Эти генетические теории можно рассматривать как особый случай более обширной уловки; которая отрицает смысл моральных суждений на основе того, что в действительности мы не выбираем свои действия -- что свободная воля -- это иллюзия, несовместимая с физикой. Но на самом деле, как мы видели в главе 13, свободная воля совместима с физикой и вполне естественно вписывается в описанную мной структуру реальности.
Утилитаризм был ранней попыткой объединить моральные объяснения с научным мировоззрением через "полезность". Здесь "полезность" отождествлялась с человеческим счастьем. Делать моральный выбор было равноценно вычислению, какое действие принесет больше счастья либо для одного человека (здесь теория становилась более неопределенной), либо для "самого большого" количества людей. Различные версии этой теории заменили "удовольствие" или "предпочтение" на "счастье". Если рассматривать утилитаризм как отречение от ранних авторитарных систем морали, то он не является исключением. И в том смысле, что он просто защищает отказ от догмы и действие в соответствии с "предпочитаемой" теорией, которая выжила после рациональной критики, все люди -- утилитаристы. Но как попытка решить обсуждаемую здесь проблему, проблему объяснения смысла моральных суждений, он тоже содержит роковую ошибку: мы выбираем свои предпочтения. В частности, мы изменяем свои предпочтения и даем этому моральное объяснение. Такое объяснение нельзя перевести на язык утилитаризма. Существует ли основное, главное предпочтение, которое контролирует изменения наших предпочтений? Если бы такое предпочтение существовало, то его невозможно было бы изменить, и утилитаризм деградировал бы, превратившись в генетическую теорию морали, описанную выше.

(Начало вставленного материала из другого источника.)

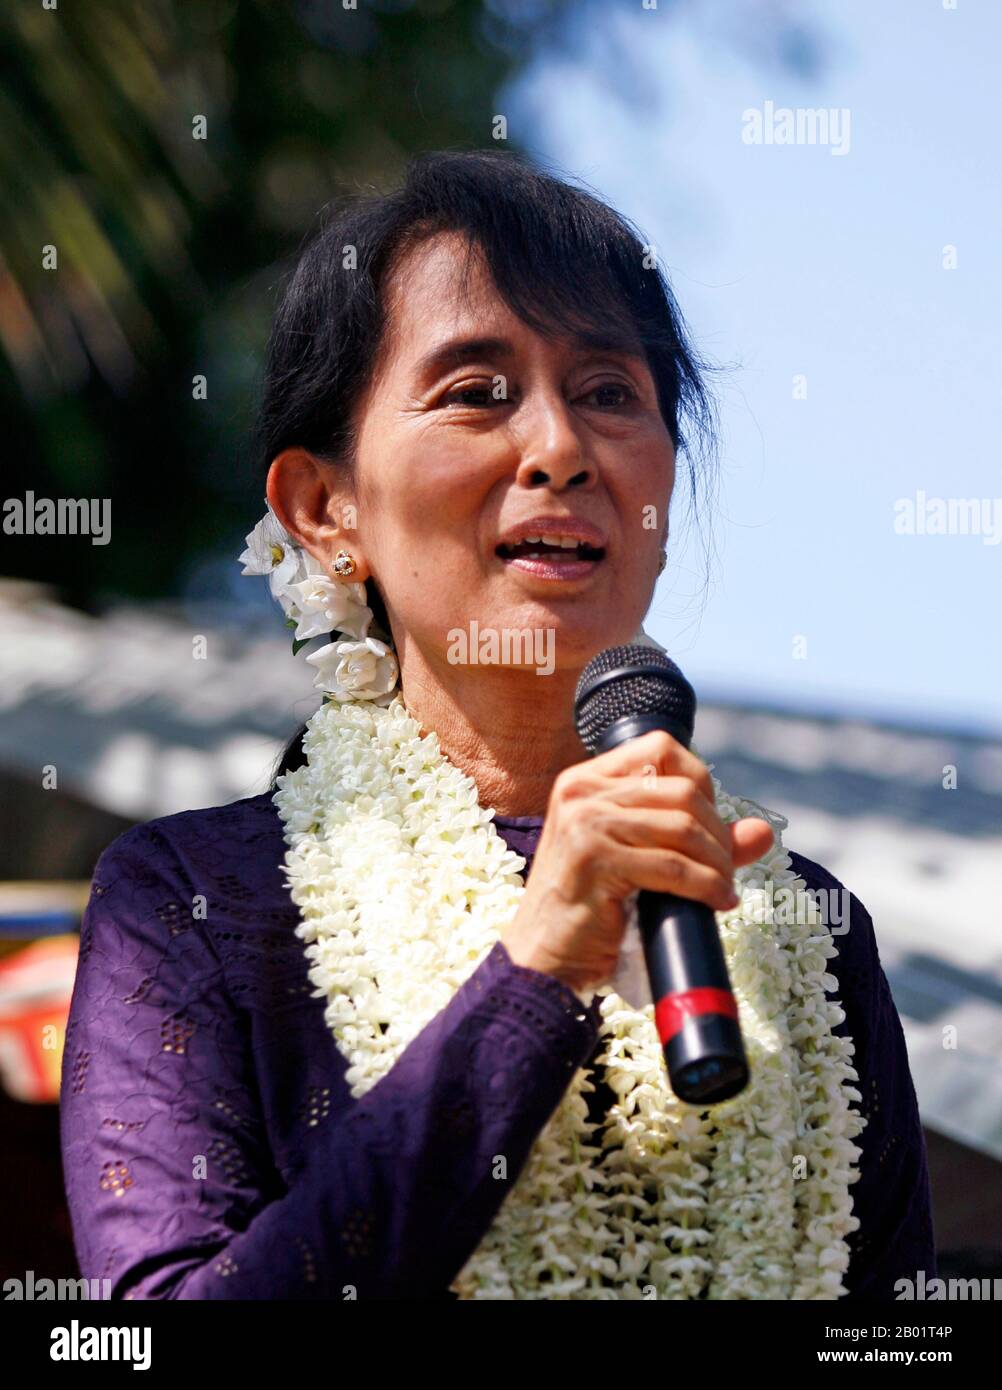 Birmania/Myanmar: Aung San Suu Kyi, leader della Lega nazionale per la democrazia, rivolgendo i suoi sostenitori presso la Hlaing Thar Yar Township, Yangon, 17 novembre 2011. Foto di Htoo Tay Zar (licenza CC BY-SA 3,0). Aung San Suu Kyi (19 giugno 1945) è una diplomatica, politica e scrittrice birmana che ha servito come Consigliere di Stato del Myanmar (posizione equivalente a un primo ministro) dal 2016 fino a quando è stata rovesciata e imprigionata dalla giunta militare nel 2021. Era la figlia più giovane di Aung San, padre della Nazione del Myanmar moderno, ed era a capo del partito Lega Nazionale per la democrazia (NLD). Foto Stock

Как же тогда моральные ценности относятся к конкретному научному мировоззрению, которое я защищаю в этой книге? Я могу, по крайней мере, утверждать, что нет фундаментального препятствия тому, чтобы сформулировать это отношение. Проблема со всеми предыдущими "научными мировоззрениями" заключалась в их иерархических объяснительных структурах. Точно так же, как невозможно, в рамках такой структуры, "доказать" истинность научных теорий, невозможно и доказать правильность образа действий (потому что, как тогда доказать правильность структуры в целом?). Как я уже сказал, каждая из четырех нитей имеет иерархическую объяснительную структуру, но структура реальности в целом выглядит иначе. Поэтому объяснение моральных ценностей как объективных качеств физических процессов не нужно приравнивать выведению их из чего-либо, даже в принципе. Так же, как с абстрактными математическими категориями, возможность или невозможность понимания физической реальности без приписывания реальности и таким ценностям, будет связана с вкладом, который они делают в объяснение.
В этой связи позвольте мне показать, что "исход" в обычном смысле -- это единственный способ связи объяснений различных нитей. До сих пор я рассматривал только то, что можно было бы назвать предсказательным исходом. Например, мы верим, что предсказания теории эволюции логически следуют из законов физики, даже несмотря на то, что доказать эту связь может оказаться трудно с позиций вычисления. Но мы не верим, что объяснения в теории эволюции следуют из физики. Однако неиерархическая объяснительная структура допускает возможность объяснительного исхода. Допустим, ради доказательства, что данное моральное суждение можно объяснить как правильное в некотором узком утилитарном смысле. Например: "Я хочу это; это никому не повредит: значит, это правильно". Но это суждение однажды может превратиться в вопрос. Я мог бы спросить: "Следует ли мне хотеть этого?" Или: "Действительно ли я прав, что это никому не повредит?" -- так как сам вопрос о том, кому, по моему суждению, "повредит" это действие, зависит от моральных допущений. Если я буду спокойно сидеть в кресле у себя дома, то это "повредит" всем людям на Земле, которые могли бы извлечь пользу, если бы я вышел и помог им в тот момент: это также "повредит" всем ворам, которые хотели бы украсть мой стул, если только я ненадолго куда-то выйду; и так далее. Чтобы разрешить подобные вопросы, я привожу дополнительные теории морали, включающие новые объяснения моей моральной ситуации. Когда такое объяснение покажется удовлетворительным, я буду экспериментально использовать его, чтобы рассудить, что правильно, а что нет. Но объяснение, хотя и временно удовлетворительное для меня, все же не поднимется над уровнем утилитаризма.
Итак, допустим, что кто-то создает общую теорию о таких объяснениях. Допустим, что в эту теорию вводят такое понятие высокого уровня, как "права человека", и предположим, что введение этого понятия (для данного класса моральных проблем, подобных той, которую я только что описал) всегда будет порождать новое объяснение, решающее эту проблему в утилитарном смысле. Далее, допустим, что эта теория об объяснениях сама по себе является объяснительной теорией. Она с помощью какого-то другого направления объясняет, почему анализировать проблемы на основе прав человека "лучше" (в утилитарном смысле). Например, она могла бы объяснить с помощью эпистемологии, почему можно ожидать, что уважение прав человека будет способствовать росту знания, которое само по себе является предварительным условием решения моральных проблем.
Если объяснение кажется хорошим, возможно, эта теория стоит того, чтобы ее приняли. Более того, поскольку вычисления утилитарных понятий невозможно трудны, тогда как анализ ситуации на основе прав человека зачастую осуществим, возможно, стоит предпочесть анализ на основе "прав человека" любой другой определенной теории о том, сколько счастья в каком-то конкретном действии. Если бы все это было истинно, понятие "прав человека" невозможно было бы выразить, даже в принципе, на основе "счастья" -- это совсем не утилитарное понятие. Мы можем назвать его моральным понятием. Эти понятия связаны через исходящее объяснение, а не через исходящее предсказание.